There were stirrings of a spring market in April as both existing home sales and the inventory of available homes increased.  The National Association of Realtors® (NAR) said that home price growth also slowed, an encouraging sign of continued affordability.

Existing home sales which include completed transactions on single family and town homes, condominiums, and coops, rose 1.3 percent in April to a seasonally adjusted annual rate of 4.65 million.  It was the first increase thus far in 2014 and sales remain 6.8 percent below the 4.99 million unit rate in April 2013.   March sales were at a rate of 4.59 million.

Sales of single-family homes improved by 0.5 percent to a seasonally adjusted annual rate of 4.06 million in April from 4.04 million in March, but are 7.7 percent below the 4.40 million pace a year ago.  Existing condominium and co-op sales rose 7.3 percent to an annual rate of 590,000 units in April from 550,000 units in March, but are unchanged from April 2013.

Lawrence Yun, NAR chief economist, said the improvement was expected.  "Some growth was inevitable after sub-par housing activity in the first quarter, but improved inventory is expanding choices and sales should generally trend upward from this point," he said. "Annual home sales, however, due to a sluggish first quarter, will likely be lower than last year."

The inventory of existing homes jumped 16.8 percent to 2.29 million, a 5.9 month supply compared to 5.1 months at the end of March.  The unsold inventory is 6.5 percent higher than a year ago, when there was a 5.2-month supply.

"We'll continue to see a balancing act between housing inventory and price growth, which remains stronger than normal simply because there have not been enough sellers in many areas. More inventory and increased new-home construction will help to foster healthy market conditions," Yun said.

Home values continue to appreciate but the pace is slowing.  The median existing-home price for all housing types in April was $201,700, which is 5.2 percent higher than in April 2013 while median prices increased by 8.6 percent on an annual basis during the first quarter.  The median existing single-family home price was $201,100, in April representing a 4.7 percent annual increase and the median condo price rose 8.3 percent to $205,500.

As NAR reported earlier this month, the market share of all-cash purchases has risen recently despite a downtrend in distressed home sales and investor activity. All-cash sales comprised 32 percent of transactions in April, compared with 33 percent in March and 32 percent in April 2013. Individual investors, who account for many cash sales, purchased 18 percent of homes in April, up from 17 percent in March; they were 19 percent in April 2013. Seven out of 10 investors paid cash in April.
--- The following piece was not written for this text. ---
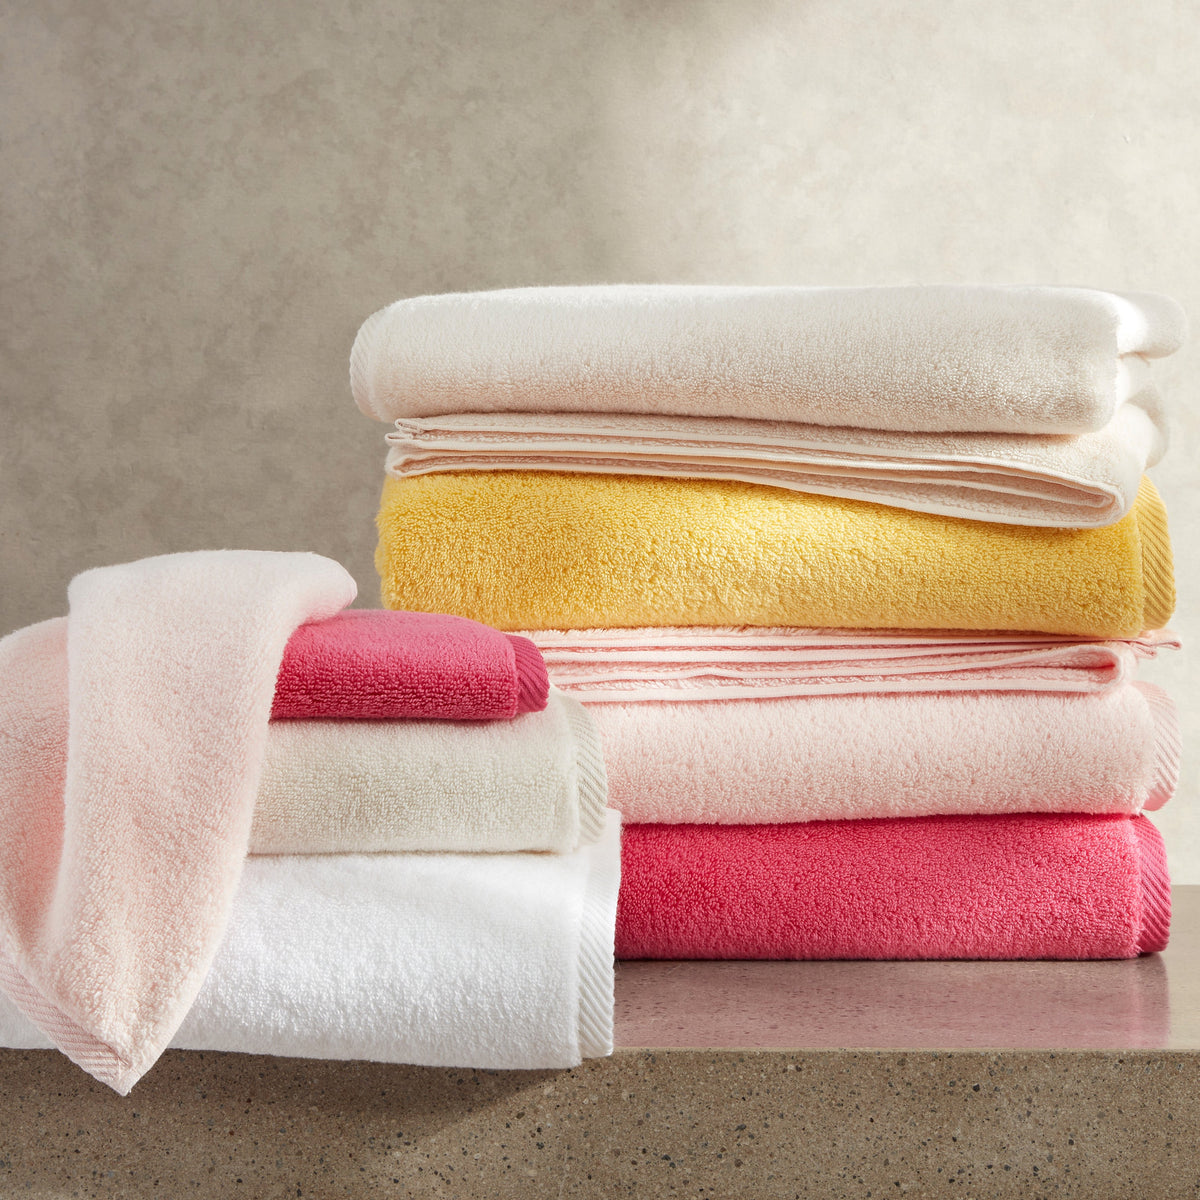 https://flandb.com/cdn/shop/products/Matouk-Bath-Milagro-Towels-Yellow-Pink-Stack_d5de5e9f-9248-4645-af35-f42c81efba24_1200x.jpg?v=1704282311

First-time buyers continue to represent less than one-third of all buyers at 29 percent in April, the same as a year earlier but one percentage point below the share in March.

Ten percent of sales in April were foreclosures and 5 percent were short sales.  The combined market share was down from 18 percent one year earlier.  Foreclosures sold for an average discount of 16 percent below market value in April, while short sales were discounted 10 percent.

NAR President Steve Brown said there was some heating of the market last month. "The typical time on market shrunk in April, with four out of 10 homes selling in less than a month," he said.  "Homes that show well and are properly priced tend to sell the fastest. More housing inventory gives buyers better choices, and takes the pressure off of the buying process, which is a welcome sign, especially for first-time buyers."

The median marketing time for all homes was 48 days compared to 55 days in March and 43 days one year earlier.  Short sales took a median of 96 days to close and foreclosure 56 days while non-distressed properties sold in 45 days. This was the fourth straight month that marketing time improved.  NAR said this reflected the prolonged lag in inventory compared to demand. 

Sales were mixed on a regional basis with the West making the best showing with an increase of 4.9 percent to an annual rate of 1.08 million units.  This is still 10 percent below the pace in April 2013.  The median price of a home in the West was $291,200, 9.7 percent above the price in April 2013.

Sales rose to a lesser extent in the South, increasing 1.0 percent to an annual rate of 1.94 million units, 3.5 percent lower than a year earlier.  The median price was $173,200, up 3.2 percent from a year ago.

Sales were unchanged in the Northeast at an annual rate of 600,000.  This was 6.3 percent below the level 12 months earlier.  The median price in the Northeast declined 0.4 percent to $244,000.

Existing-home sales in the Midwest slipped 1.0 percent in April to a pace of 1.03 million, and are 9.6 percent below a year ago. The median price was $157,200, which is 5.8 percent above April 2013.